Ex vivo immunoglobulin class switch recombination assay
Resting primary B lymphocytes were isolated from mouse spleens using anti-CD43 microbeads (Miltenyi Biotec). One million cells were stimulated to proliferate with a cytokine cocktail containing 25 μg/ml lipopolysaccharide (LPS, Sigma-Aldrich), 5 ng/ml interleukin-4 (IL-4, Sigma-Aldrich) and 0.5 μg/ml anti-CD180 (RP105, BD PharMingen). CSR to IgG1 was detected on day 3 using biotinylated anti-IgG1 followed by PE-conjugated streptavidin (BD Biosciences). Anti-B220 was used to confirm the purity of B cell samples.

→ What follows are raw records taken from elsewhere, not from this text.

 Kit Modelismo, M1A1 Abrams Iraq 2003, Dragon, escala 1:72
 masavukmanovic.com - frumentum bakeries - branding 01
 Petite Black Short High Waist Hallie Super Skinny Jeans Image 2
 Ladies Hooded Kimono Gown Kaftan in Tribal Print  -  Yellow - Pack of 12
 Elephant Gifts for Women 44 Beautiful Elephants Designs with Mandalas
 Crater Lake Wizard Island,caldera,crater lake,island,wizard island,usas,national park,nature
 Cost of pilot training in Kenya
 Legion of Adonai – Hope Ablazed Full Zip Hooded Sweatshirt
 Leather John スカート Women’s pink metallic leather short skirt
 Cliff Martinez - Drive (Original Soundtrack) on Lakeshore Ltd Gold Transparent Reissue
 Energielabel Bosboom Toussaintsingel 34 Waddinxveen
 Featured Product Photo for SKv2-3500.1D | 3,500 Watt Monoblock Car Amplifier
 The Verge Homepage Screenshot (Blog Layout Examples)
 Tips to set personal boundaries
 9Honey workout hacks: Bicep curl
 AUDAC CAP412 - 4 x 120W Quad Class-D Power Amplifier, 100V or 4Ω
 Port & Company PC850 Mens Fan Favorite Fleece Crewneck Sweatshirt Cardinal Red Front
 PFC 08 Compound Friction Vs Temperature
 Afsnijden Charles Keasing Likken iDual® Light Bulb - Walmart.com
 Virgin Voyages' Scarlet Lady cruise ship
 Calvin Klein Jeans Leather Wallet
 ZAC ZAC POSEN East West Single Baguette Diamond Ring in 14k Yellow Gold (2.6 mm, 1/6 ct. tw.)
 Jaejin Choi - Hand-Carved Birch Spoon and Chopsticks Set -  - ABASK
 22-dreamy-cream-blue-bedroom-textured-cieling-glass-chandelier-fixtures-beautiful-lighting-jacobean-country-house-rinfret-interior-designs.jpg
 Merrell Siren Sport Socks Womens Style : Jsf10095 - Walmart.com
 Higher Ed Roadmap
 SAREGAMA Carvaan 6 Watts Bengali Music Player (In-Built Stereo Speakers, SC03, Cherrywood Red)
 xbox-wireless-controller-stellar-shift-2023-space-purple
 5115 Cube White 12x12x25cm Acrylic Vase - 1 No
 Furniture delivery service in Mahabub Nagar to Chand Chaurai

Gene expression analysis in human patient samples
Expression of DDR genes in prostate cancer and normal prostate was analyzed using the ‘The Cancer Genome Atlas’ (TCGA) database as recently published (3). Normalized mRNA expression data for prostate cancer and normal prostate tissue and for NSCLC and normal lung tissue were retrieved using the R package ‘TCGAbiolinks’ (32). The following genes were preselected for analysis: TP53BP1, RNF8, RNF168, RIF1 and KU80. Unpaired, two-sided Student's t-test was used to test for significant differences in gene expression between cancer and normal tissue.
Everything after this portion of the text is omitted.